╭─ Dataset excerpt

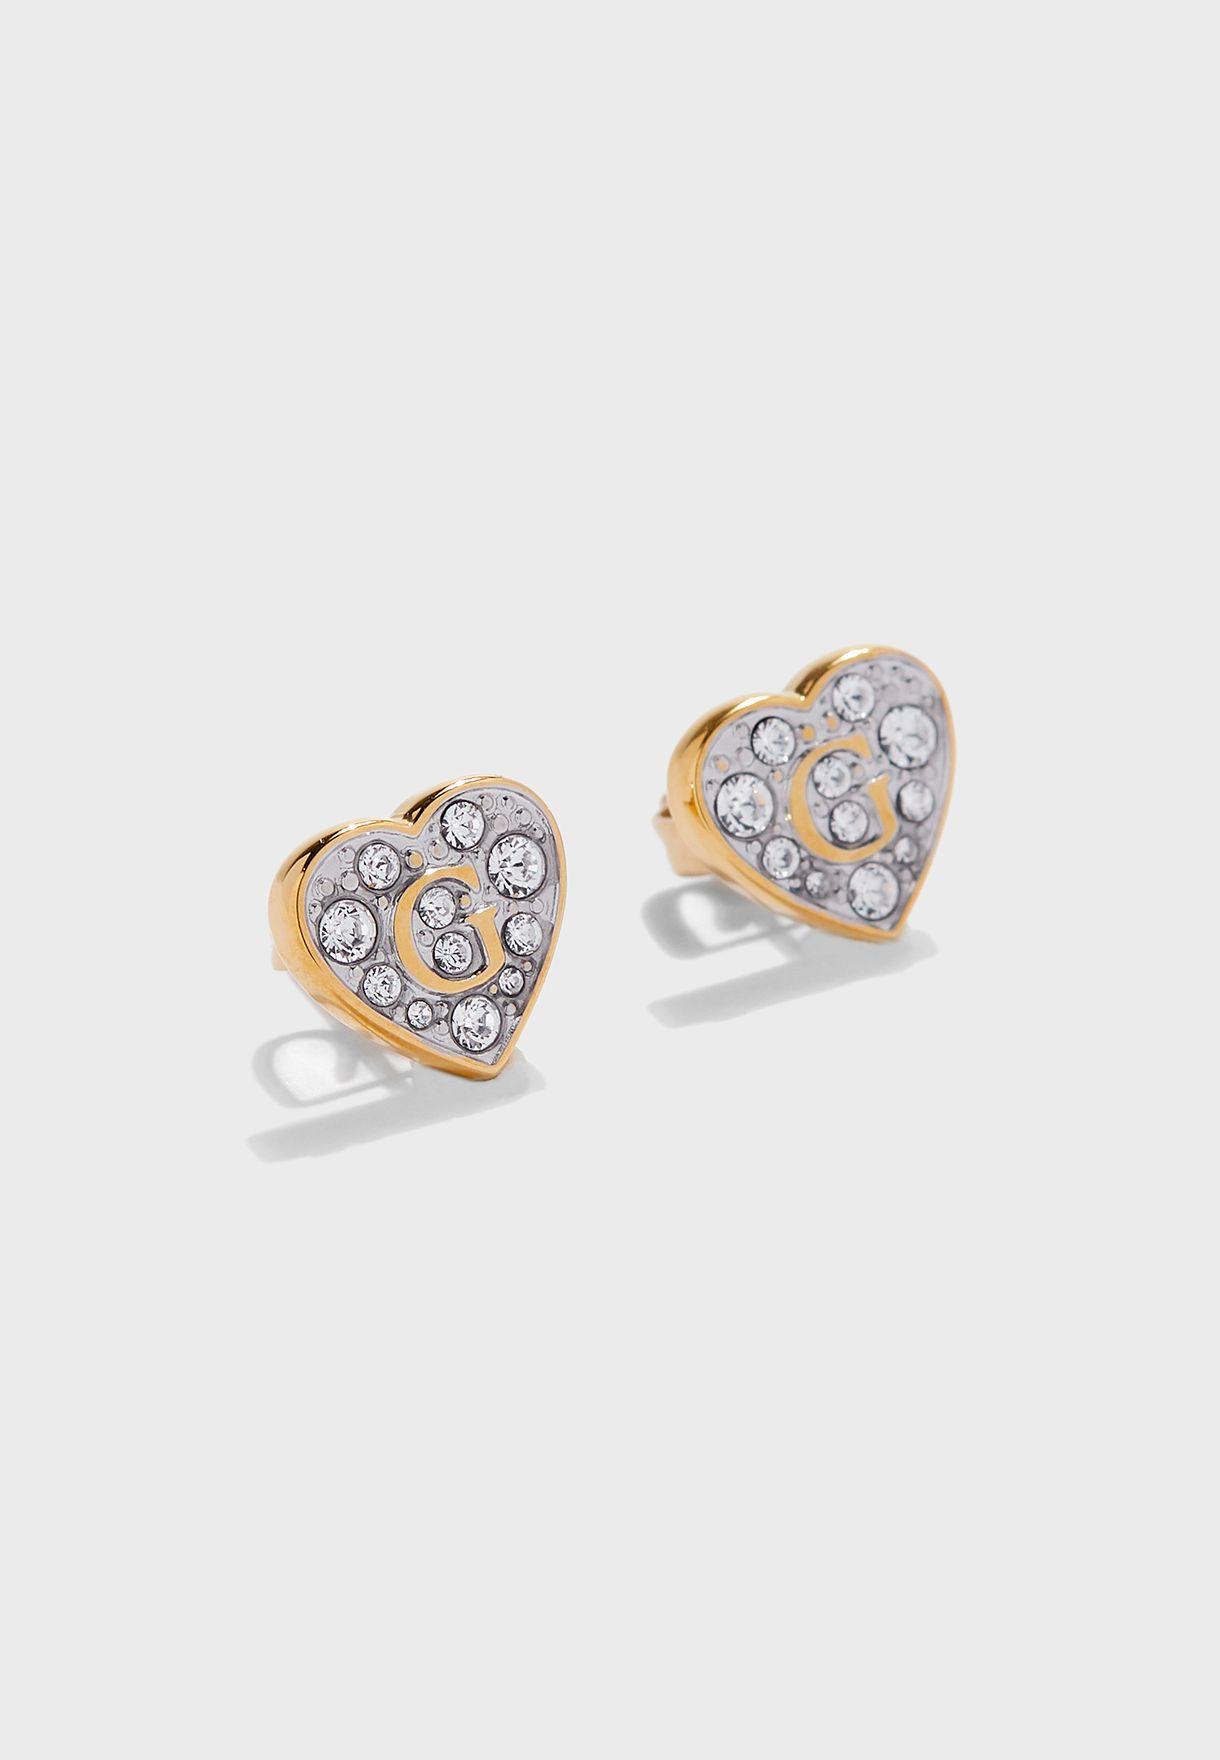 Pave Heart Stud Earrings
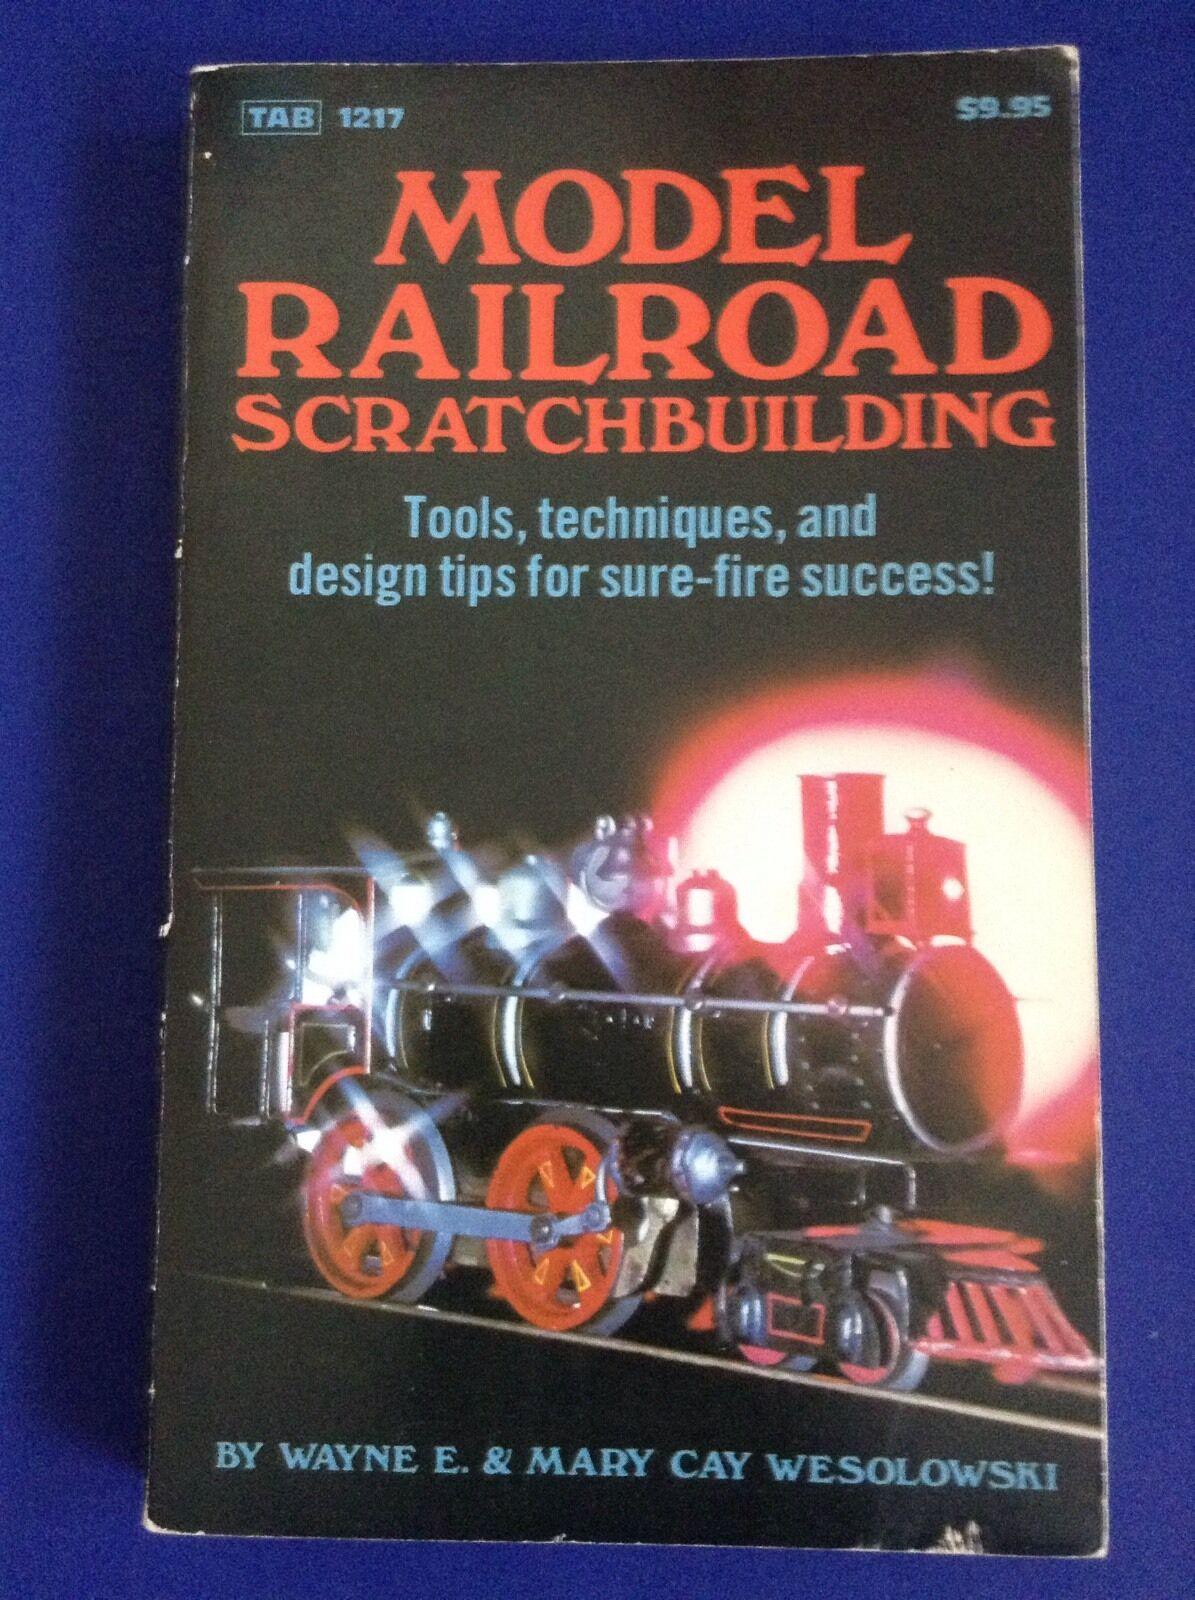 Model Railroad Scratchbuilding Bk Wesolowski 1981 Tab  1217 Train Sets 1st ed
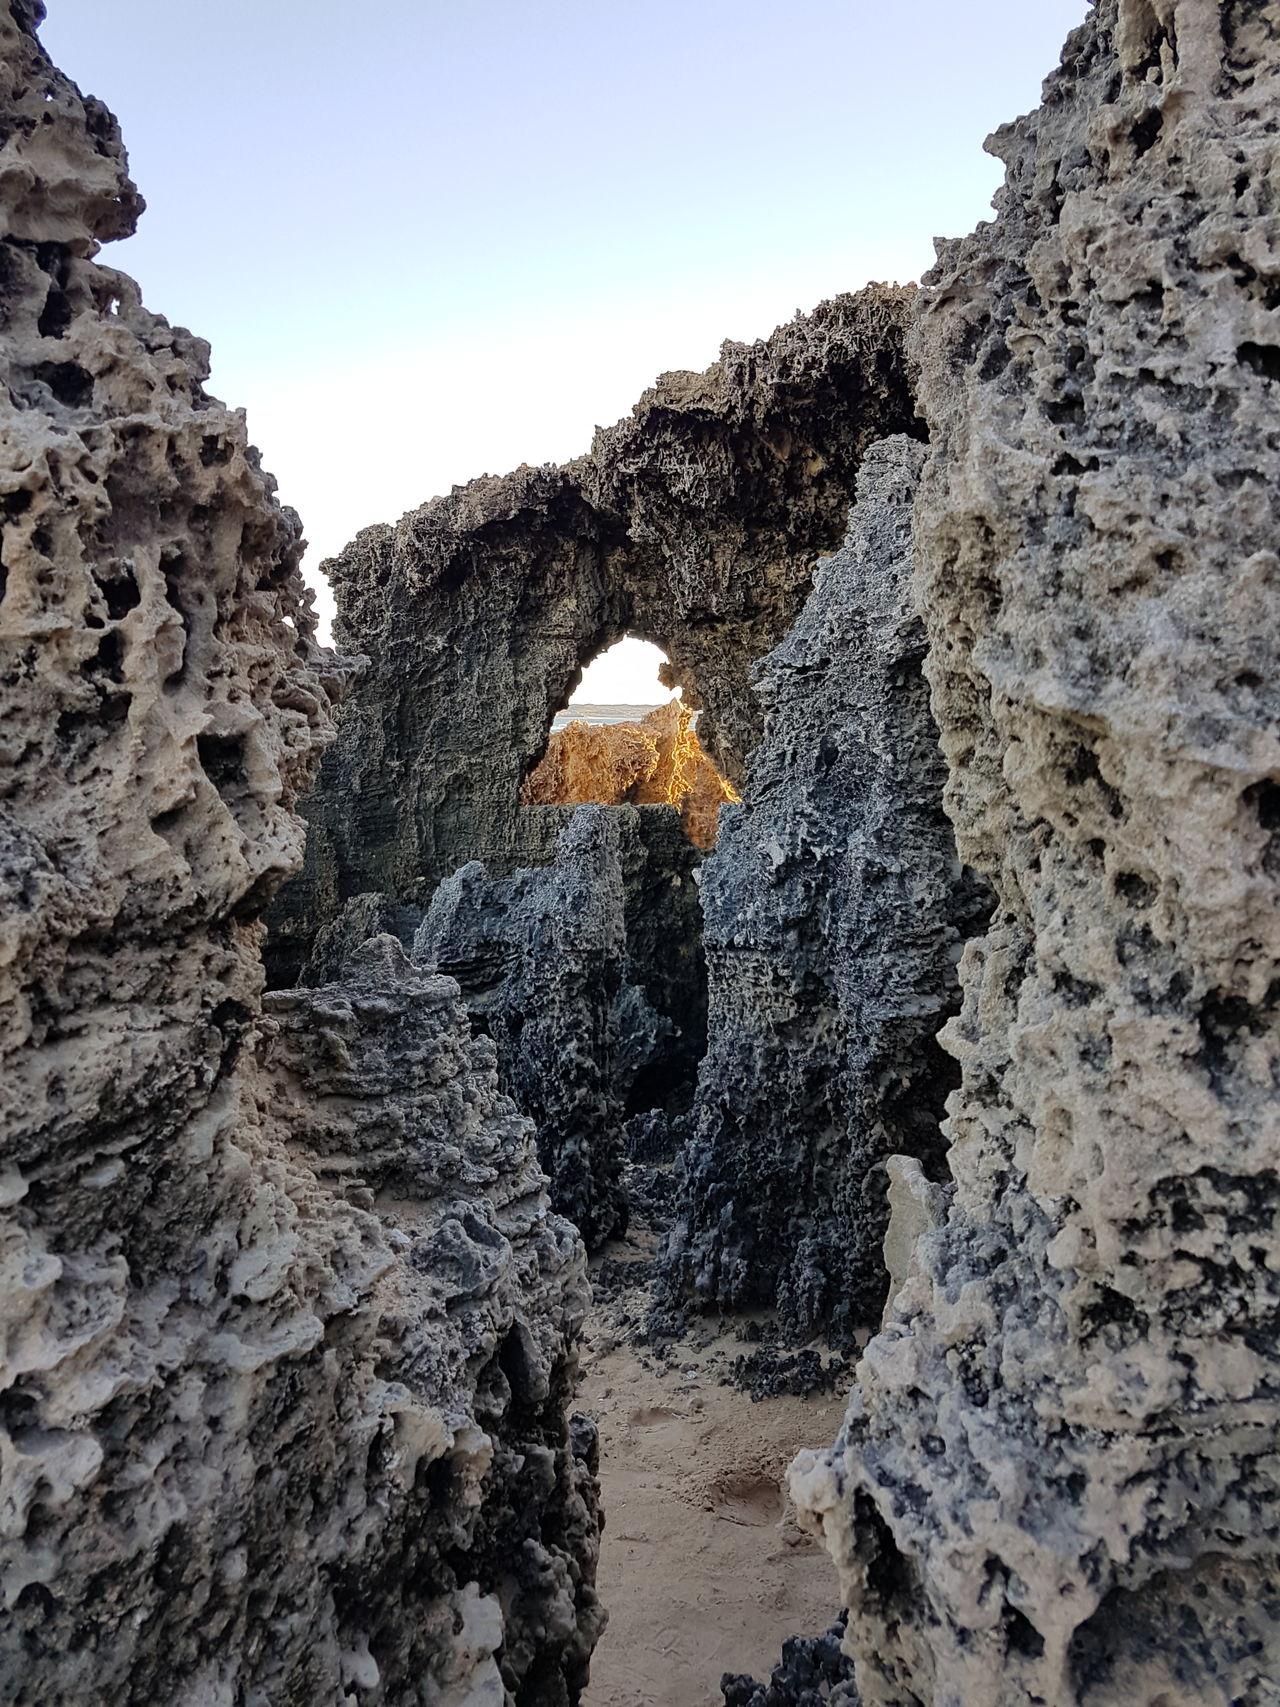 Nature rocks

╰─

What is needed: The entire listing above, minus its pictures, should be copied out exactly.

Response to this task:
 Pave Heart Stud Earrings
 Model Railroad Scratchbuilding Bk Wesolowski 1981 Tab  1217 Train Sets 1st ed
 Nature rocks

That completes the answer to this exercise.